The History of Facial Peels and How They’ve Changed Over the Years.
Would you believe us if we told you that Cleopatra regularly indulged in facial peels to rejuvenate her complexion? While her technique may look a little different from the products currently holding a spot on our shelves, it’s true that this much-loved treatment has had a place in skincare dating back to ancient Egyptians. Despite centuries of fine tuning formulas and scientific discoveries, some of the ingredients used in facial peels (like our beloved AHAs) are still found in products today—which is a true testament to their efficacy. Keep scrolling for a peek at how facial peels have changed over the years.
Ancient TimesOne of the first known records of a "facial peel" was discovered during ancient times, when the Egyptians (yes, including the queen Cleopatra herself) would bathe in sour milk to exfoliate and restore their skin. This actually isn’t as weird as it sounds; one of the most common AHAs, lactic acid, is derived from milk. It’s a gentle exfoliant that leaves behind a smooth and supple complexion—no need to leave the milk out though, we included it in The Shortcut Overnight Facial.

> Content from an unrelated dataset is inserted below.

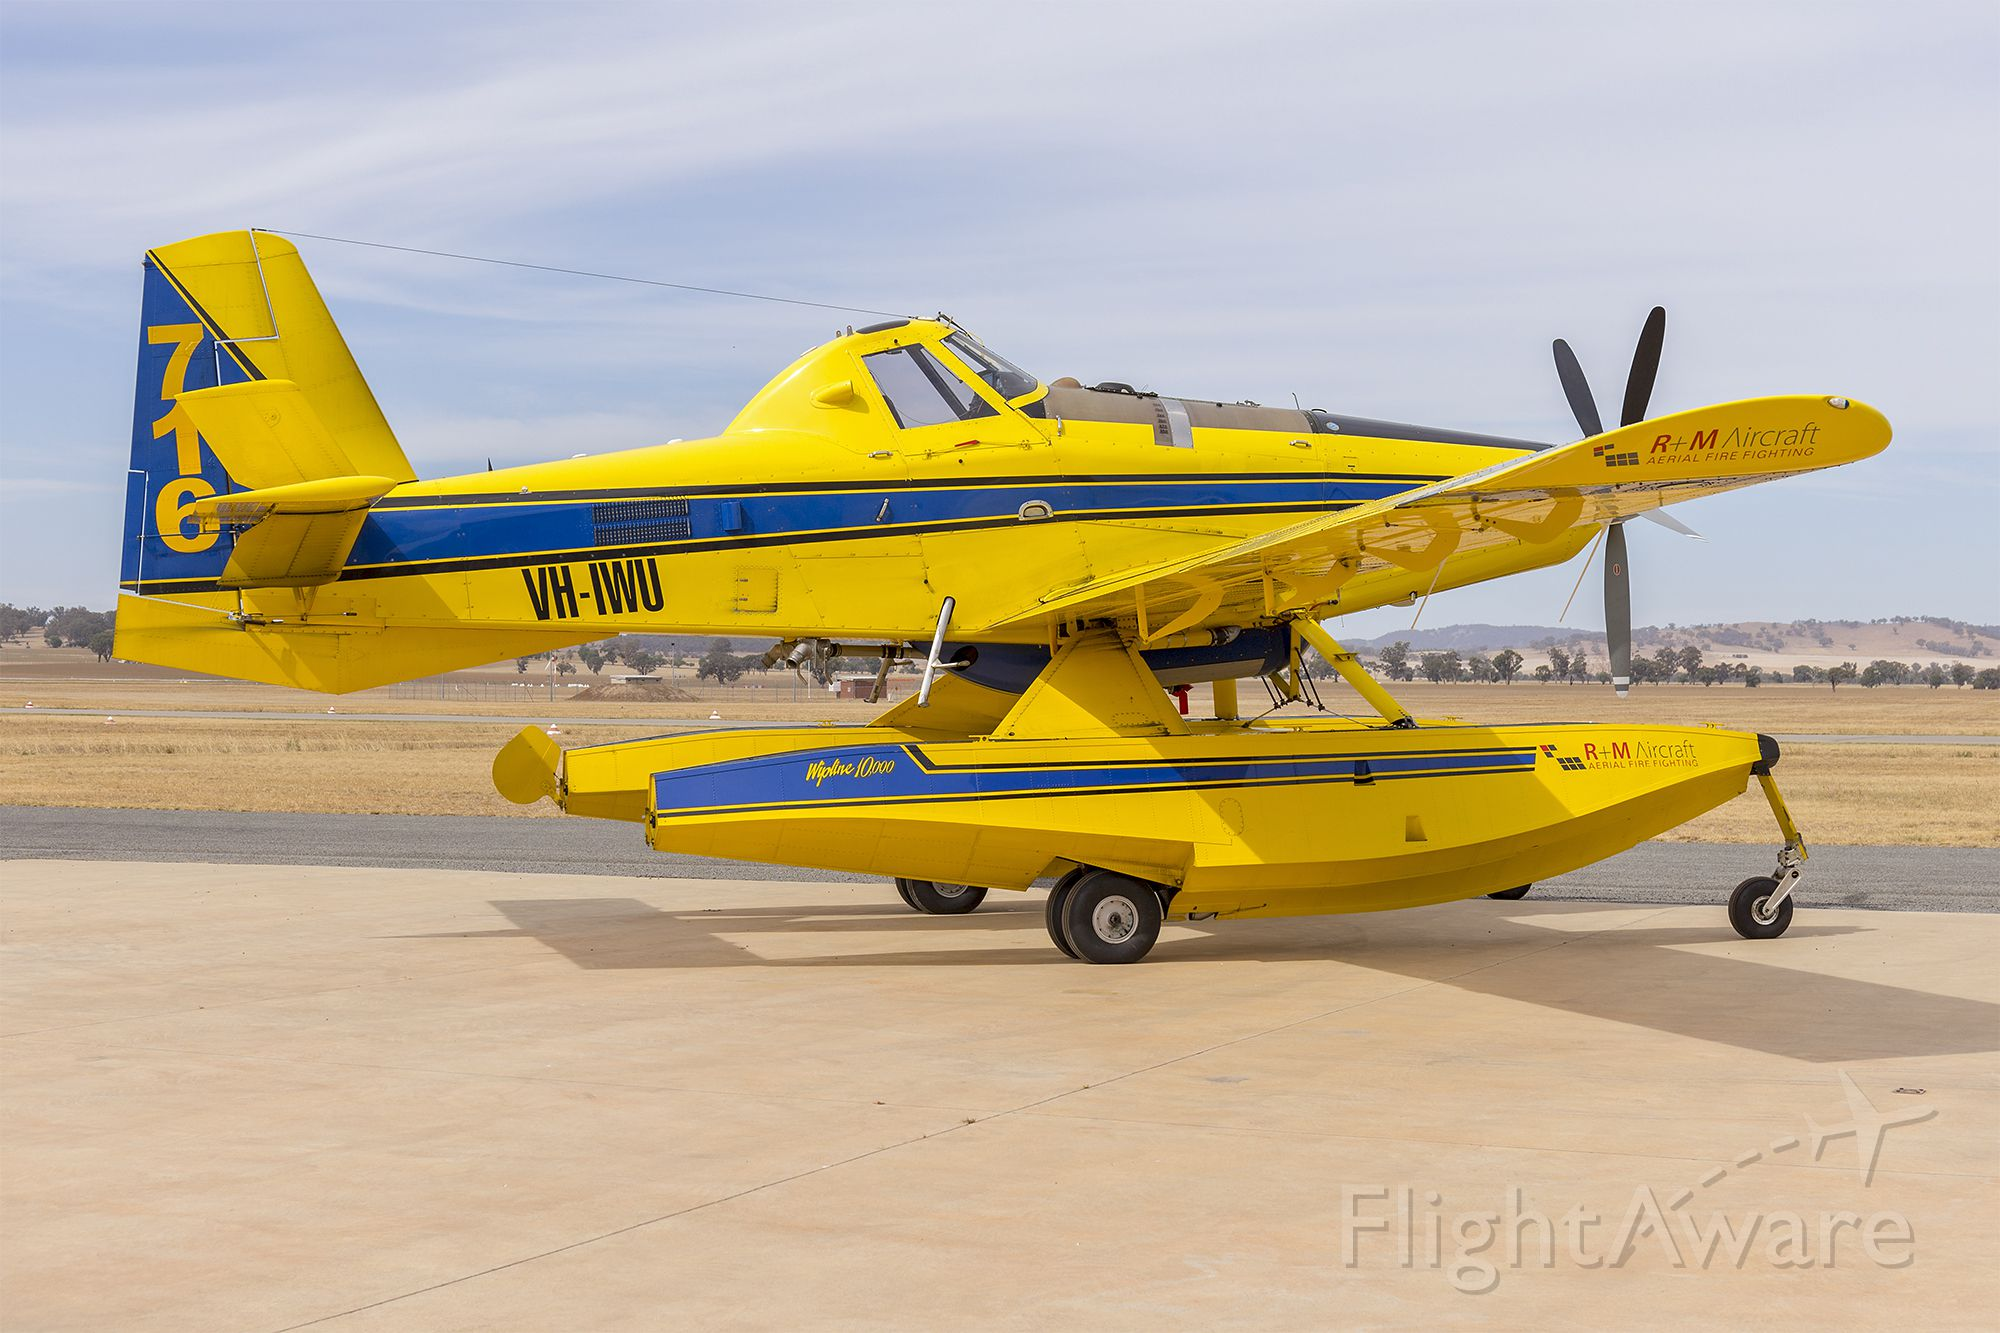 AIR TRACTOR Fire Boss (VH-IWU) - R+M Aircraft (VH-IWU) Air Tractor AT802F Fire Boss at Wagga Wagga Airport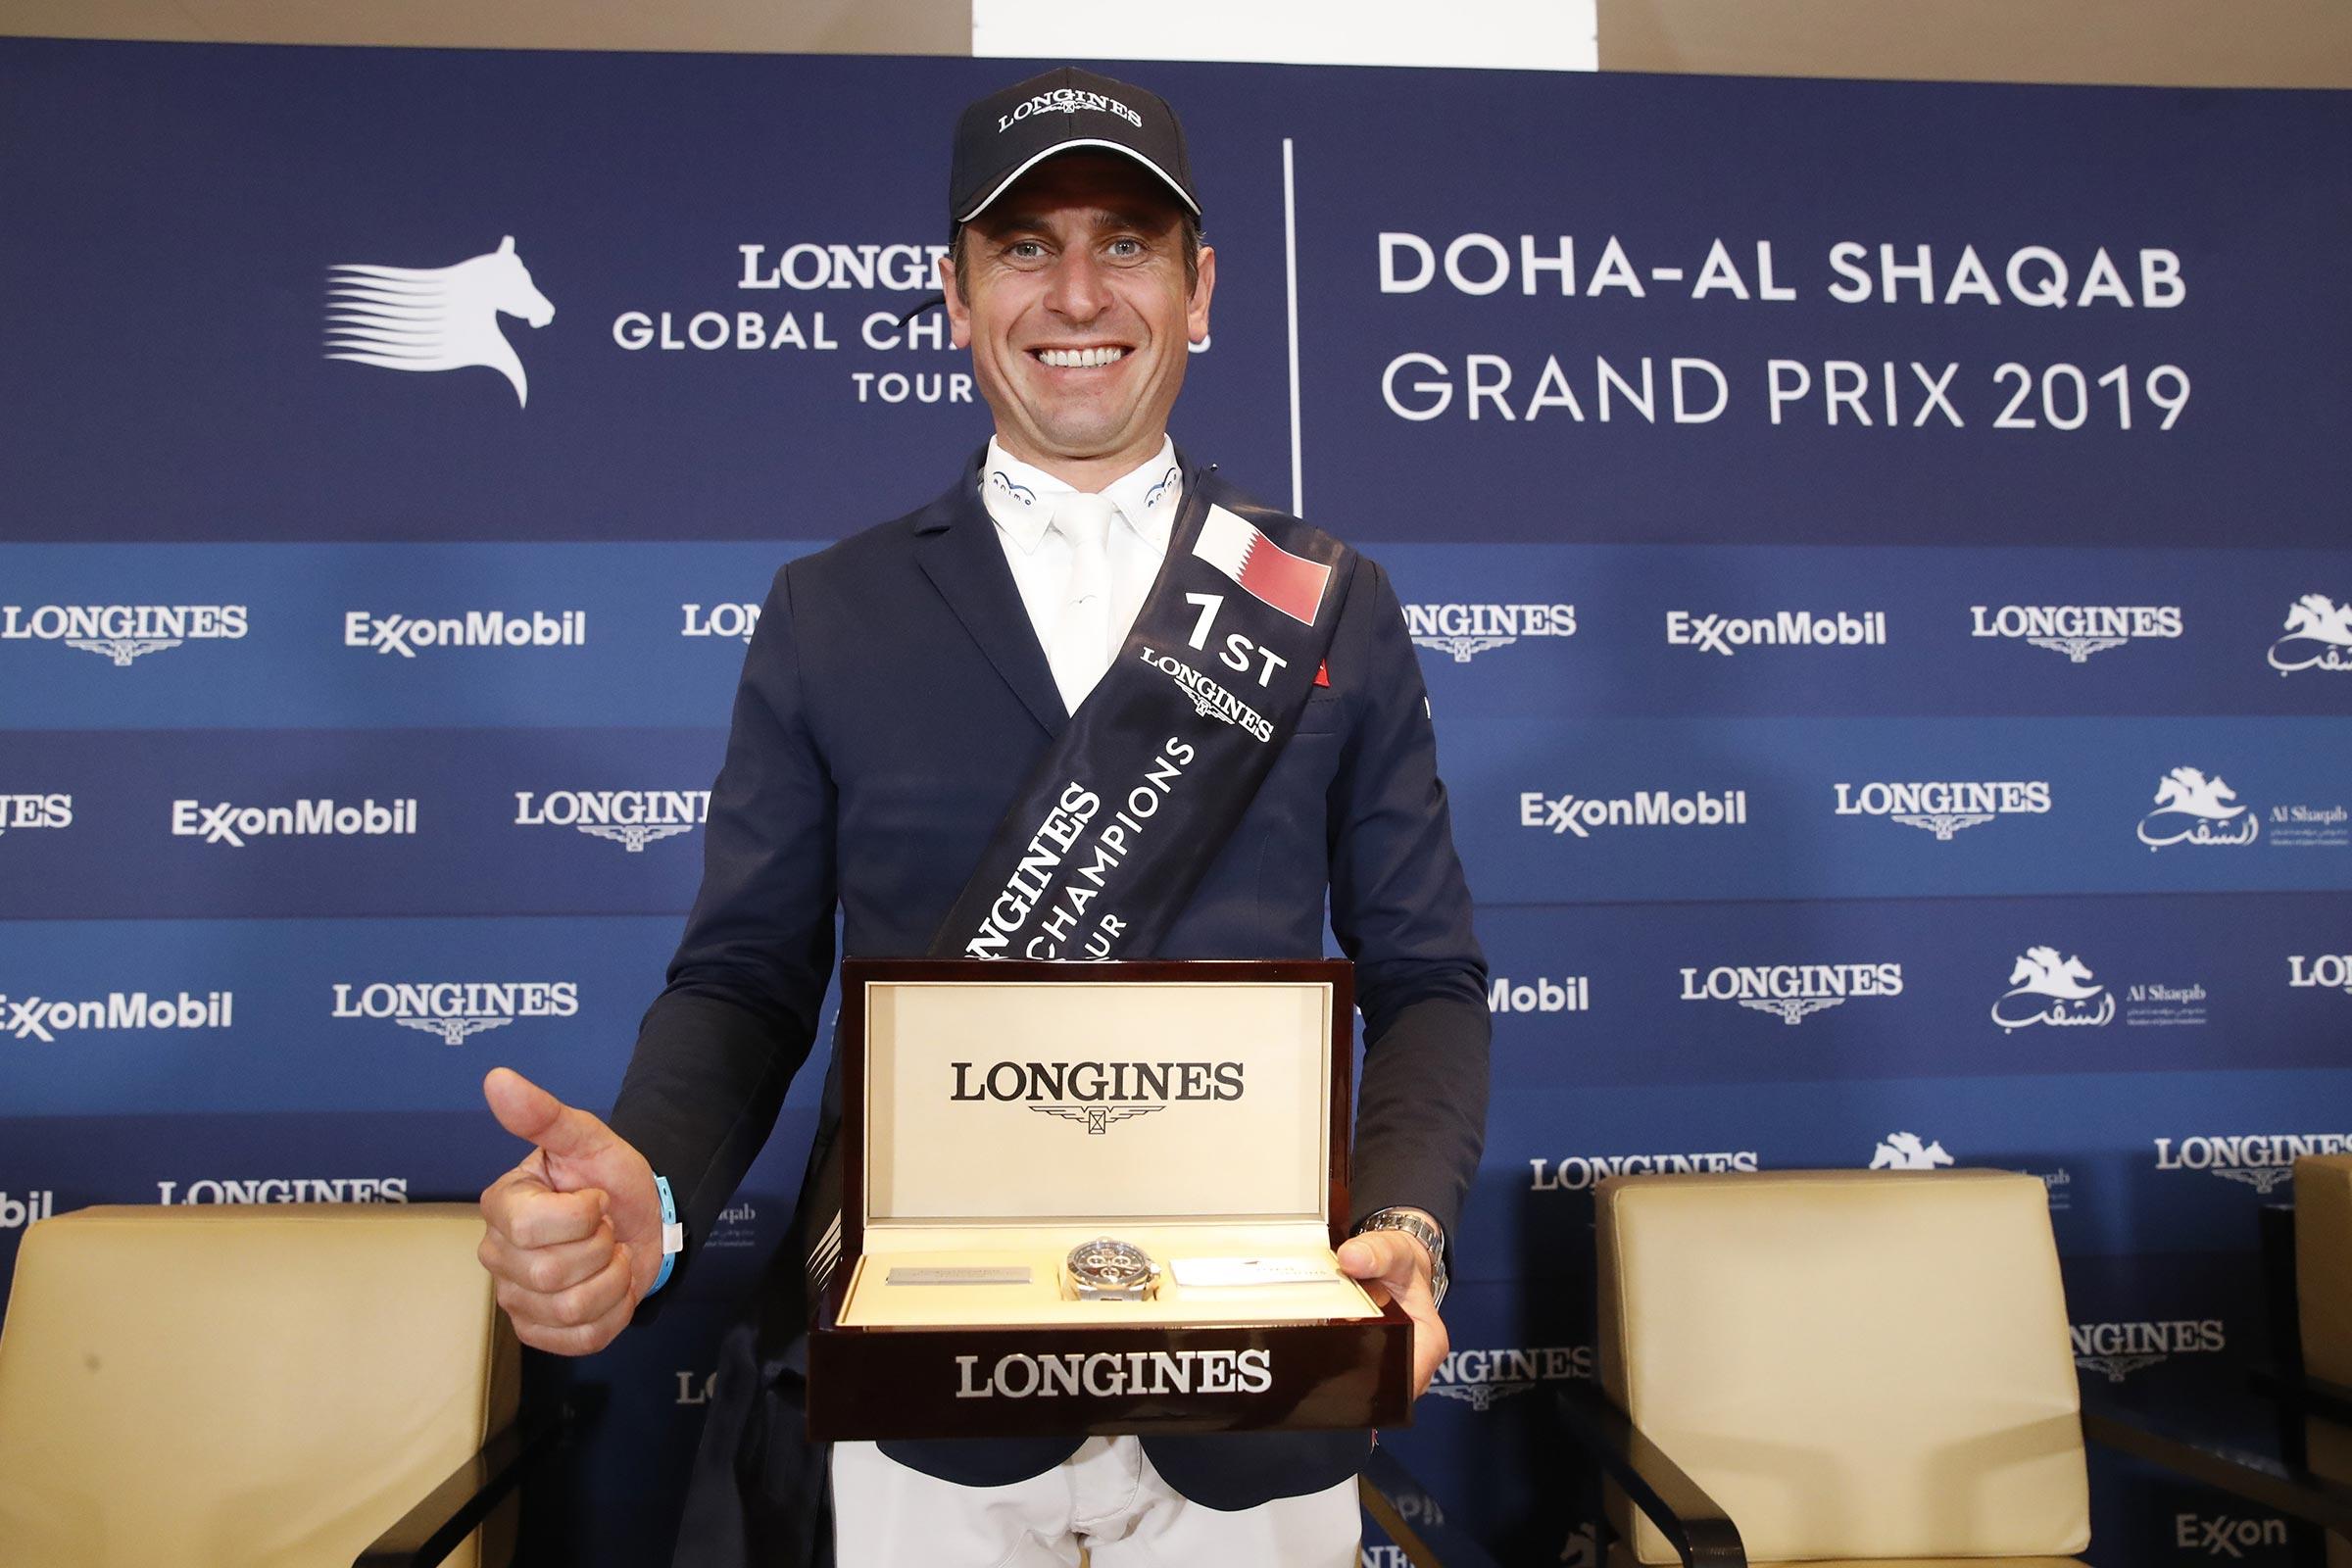 Julien Epaillard with the Longines watch ph.Stefano Grasso/LGCT DOHA 2019

Late 1800sThere wasn’t much progression on the facial peel front until 1874, when the Austrian dermatologist Ferdinand von Hebra experimented with peeling formulas (that included ingredients like phenol, croton oil, and nitric acid) to treat hyperpigmentation, particularly melasma, dark spots stemming from Addison’s disease, and freckles. Meanwhile in Germany, Paul G. Unna was curating treatments made with the acne-fighting salicylic acid and trichloroacetic acid, an ingredient found in medium-level chemical peels known as a TCA peel. Although these formulas helped shape a prototype for the facial peels we use today, back then these treatments were considered medical—not cosmetic—and were performed at hospitals for patients with severe scarring and spots (not for those seeking the anti-aging benefits facial peels are touted for today). It wasn’t until word got around that chemical peels were being for cosmetic purposes in Paris, then referred to as “ecorchement” (or “skinning” in French), that facial peels became normalized as a beauty treatment.
Still, facial peels back then were not for the faint of heart. Typically a potent formula, softened with boiling water, was applied to the skin using a brush and covered with strips of gauze. After several days, the bandaging was lifted and a fresh (yet red and scabbed) complexion was revealed. Results couldn’t be proudly exhibited for some time, though, as it was recommended the patient remain secluded until these side effects subsided.